After obtaining successful preliminary human data, CTI conducted a complete human clinical trial in 2007 at the University Hospital Basel, Switzerland, Division of Clinical Pharmacology and Toxicology.
The final report containg this data was carefully reviewed by world leading physicians, clinical pharmacologists, and specialists in specific therapeutic areas. By all accounts, this human data was outstanding. Our drug product had a high degree of accuracy and reproducibility.

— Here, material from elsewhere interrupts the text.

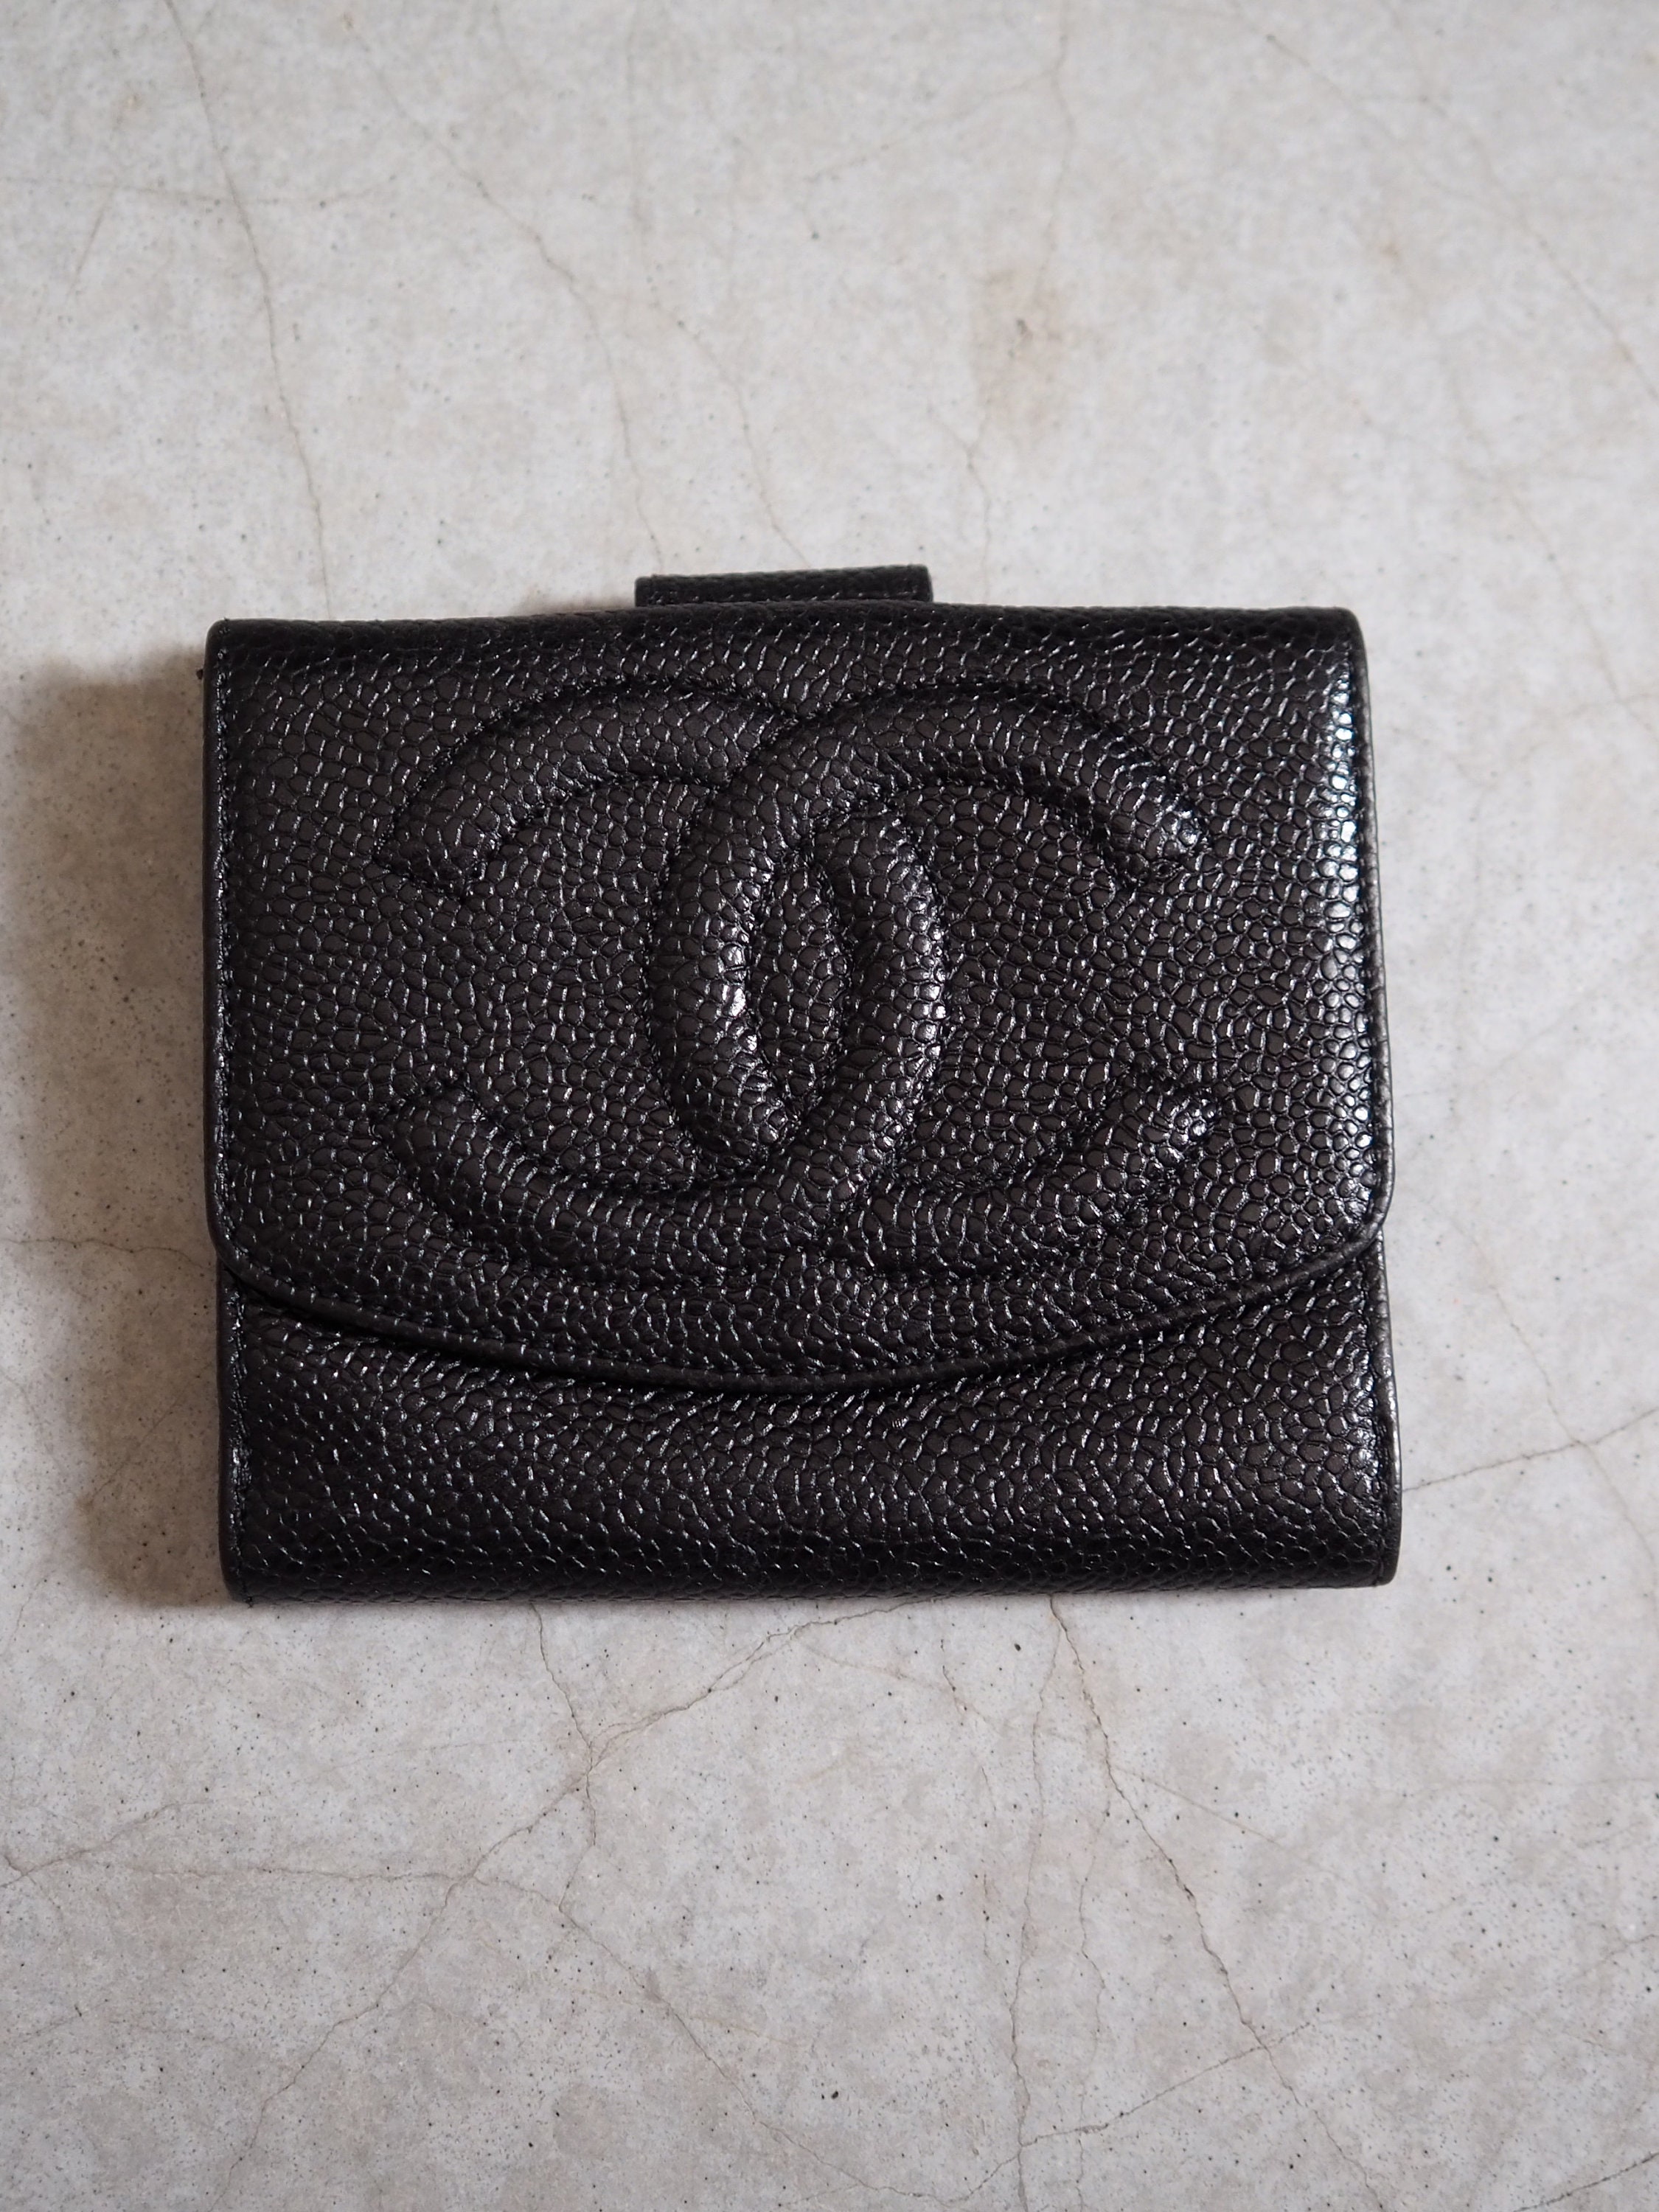 Chanel Caviar Quilted Key Holder Case Black

This study was an open, randomized, three period, single-center, dose-escalation study. Thirty-six independent human transdermal tests were conducted on male volunteers using wristwatch-like ChronoDose™ devices. The trial successfully proved the efficacy of the device on human subjects using its model drug compound. The dose escalation trial showed statistically significant modulation and control of the dosing profiles. Using low, medium and high concentrations, for 16 hours, the model drug permeated each subject’s skin on multiple occasions, resulting in clear and distinct peaks and troughs of therapeutically effective and well-targeted blood plasma concentration levels. A non-compartmental and compartmental model based analysis of pharmacokinetics was utilized. Local and systemic tolerability of the model drug after its transdermal administration was better than planned.
We are currently planning our second human clinical trial on the same compound. We are also planning our preliminary human tests on our second drug product.